I haven't, to date, done so much of that.  Although the 'Welfare Rights Lit' books have multiple viewpoints, the principal characters lead lives that, at least to some degree, intersect with my own.  I housed the Walkers in a town I knew well and in a type house I visited time and again as a housing officer, often to assess the benefit entitlement of people just like them, and not so far removed from our own friends and family.  The Solent Welfare Rights Project is a parallel universe version of an advice centre I know and love, staffed by people sufficiently unlike my former colleagues to save embarrassing them but doing the same work in much the same way, with the same commitment, humour and self-sacrifice.

As for Daphne Randall, principal protagonist and narrator of 'Grand Union' and the forthcoming 'Daphne of the Four Counties', I might have made her a Geordie lass with a penchant for strong beer, lively shades of hair dye and a certain Stokie bloke, but I've also made her (another) middle-aged voluntary-sector worker and a narrowboater, settling her into a world I know well. 
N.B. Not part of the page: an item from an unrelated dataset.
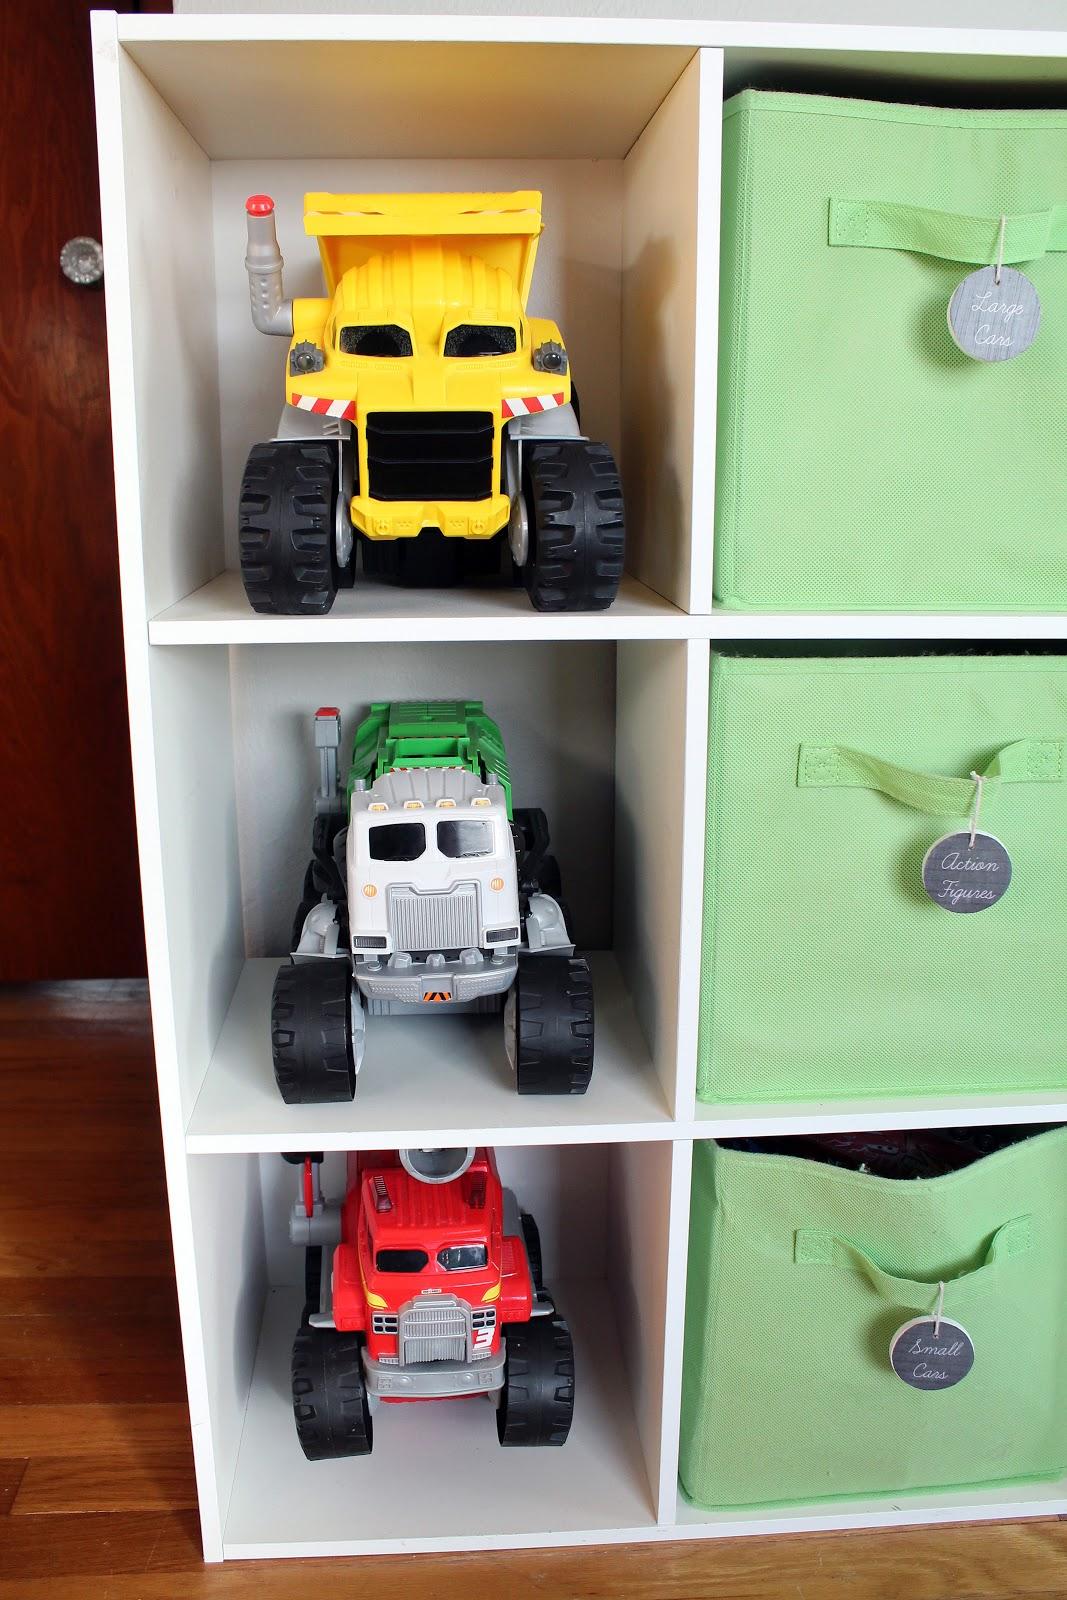 Best Toy Kitchen 7 Year Old

If that's cheating, I'm afraid I'm a cheat!
Himself and I enjoyed a very Daphne-esque Christmas/New Year, afloat around South Cheshire and North Staffordshire, firstly pottering up to the foot of the Bosley Locks then, on a journey I could picture Daph and Harry making together, through the Harecastle Tunnel to Stoke, crunching through the ice to Etruria en route to Stoke City's home fixture against Watford.  Going out, it was quite a fun activity, although the noises from under the hull as slivers of ice rattled and scraped under us, were rather terrifying.  As a Southampton native, I tend to work on the principle that boats and ice shouldn't mix!  That was certainly the case on our home run, when we found the ice tougher to crack, having been smashed by other boats during the course of the week, only to have refrozen in awkward chunks glued together by a cold rain.  At one point, close to the site of the old Burslem Port branch, I feared we would find ourselves stranded, Endurance-style, unable to make further progress and it took some ice-breaking with the boat hook to enable the stern to swing far enough for us to take the turn.  
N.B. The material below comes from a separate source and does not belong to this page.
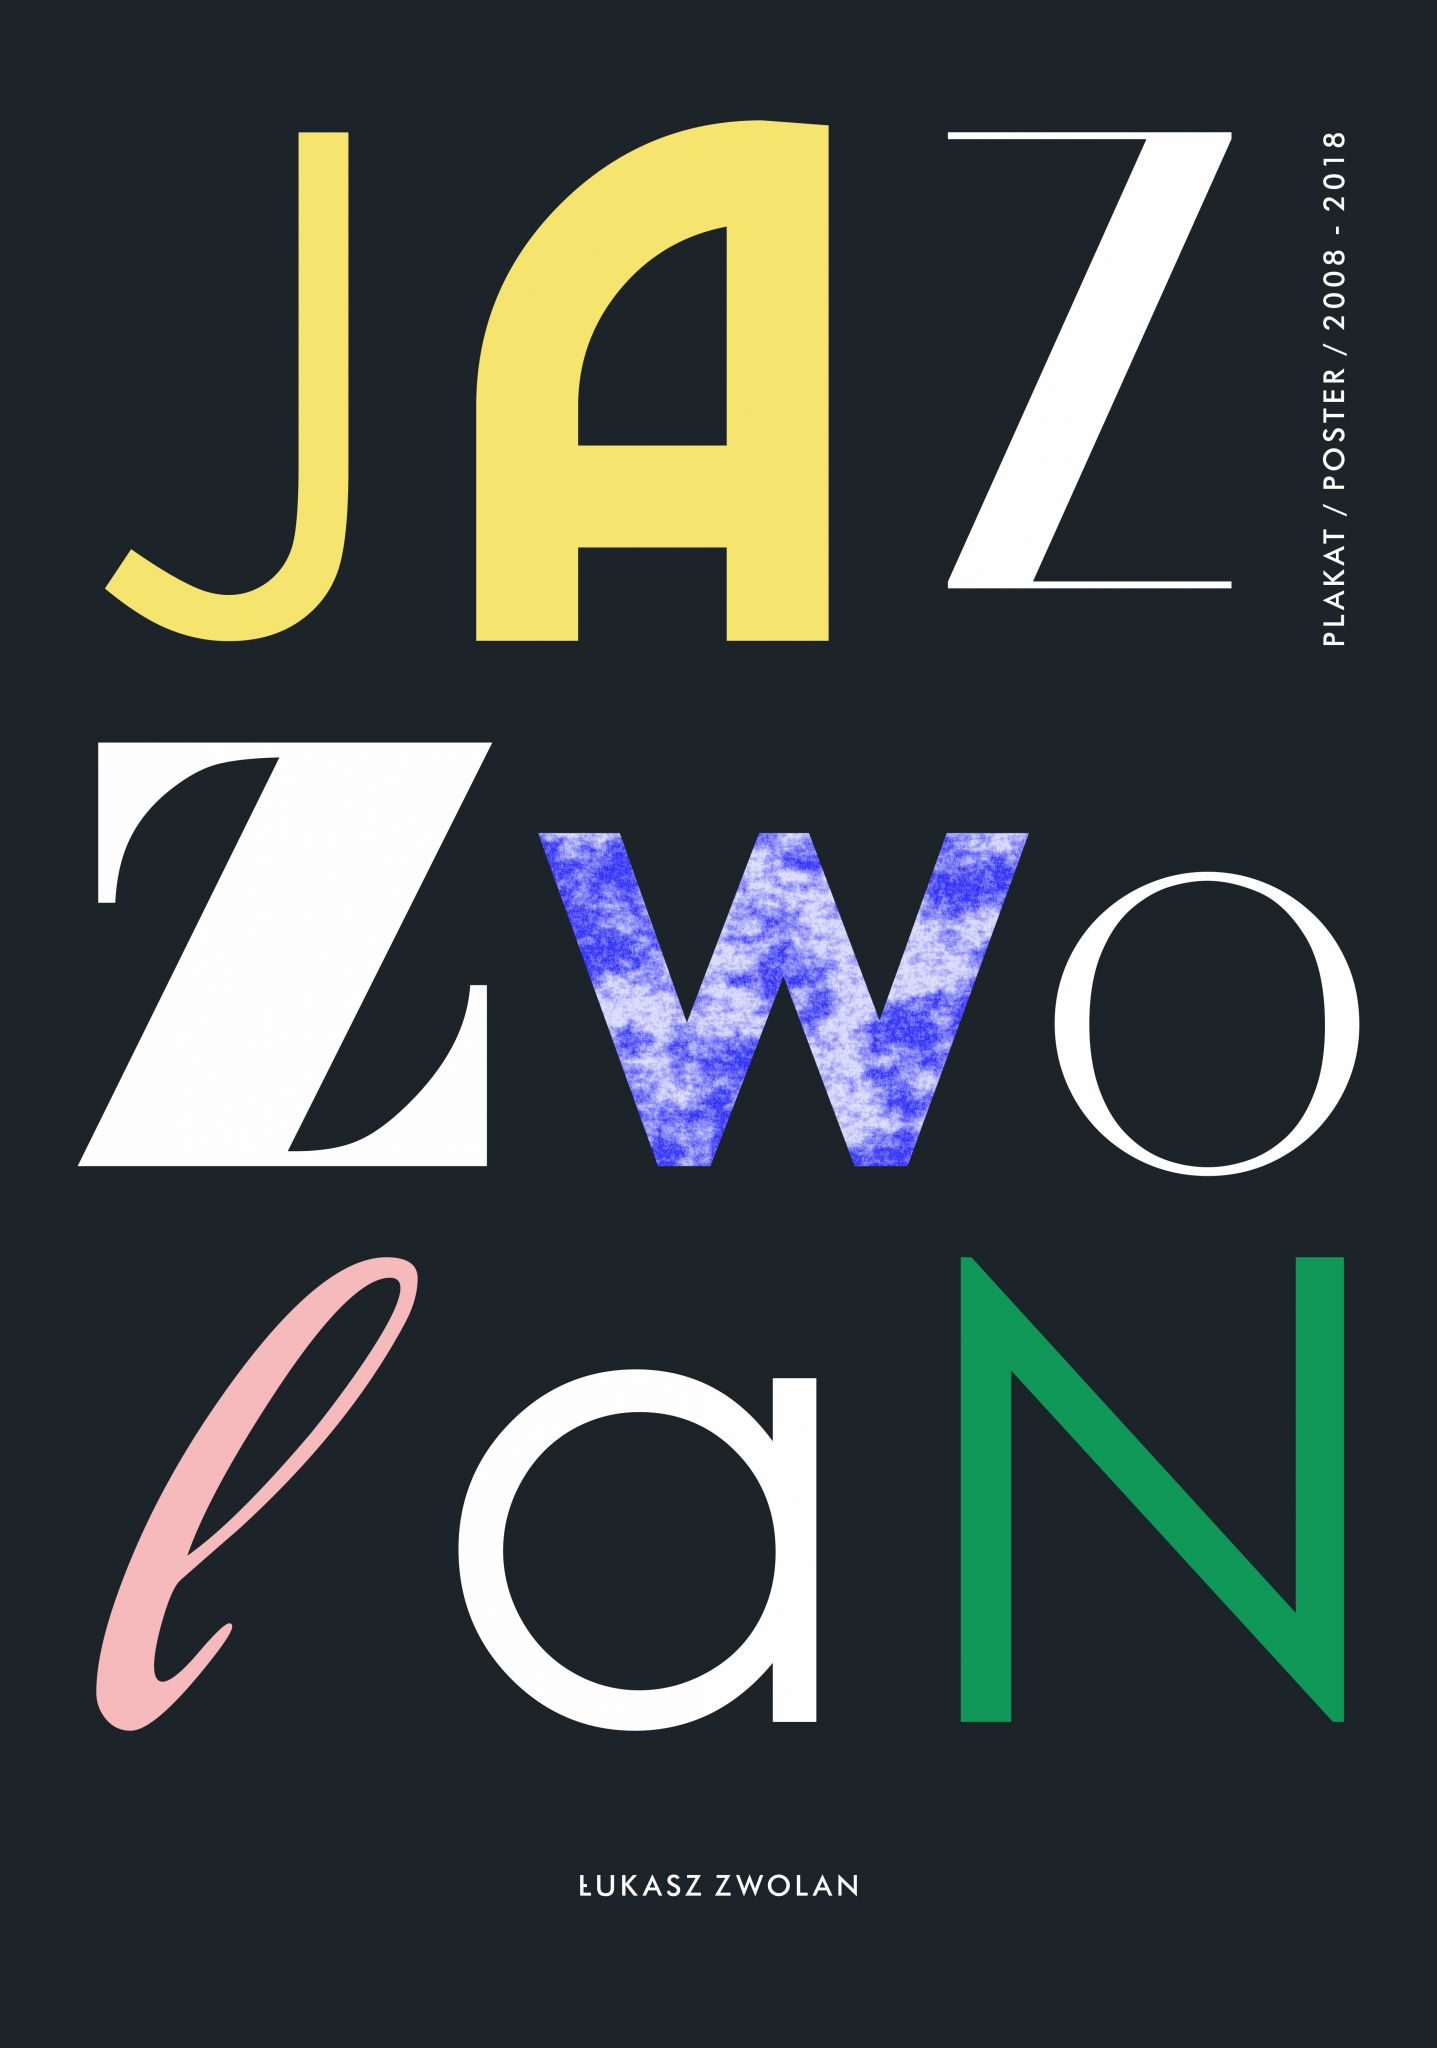 plakat Jazznowidz – czyli Łukasz Zwolan

I haven't got a plot lined up for a story where Daph makes a similar trip, though it might make a good 'short'.  Plans following on from Four Counties involve a spring voyage through the Black Country, a summery sojourn on the T&M and an autumn on the Llangollen, though not necessarily in that order, with an epic Pennine expedition mapped out in sketchy notes too.  Now I've bought a little inverter and should be able to recharge an electronic notebook while afloat, I hopefully can get writing while we're on the move this year, instead of returning home with random thoughts in paper notebooks, so look out for more Daphne Randall adventures soon!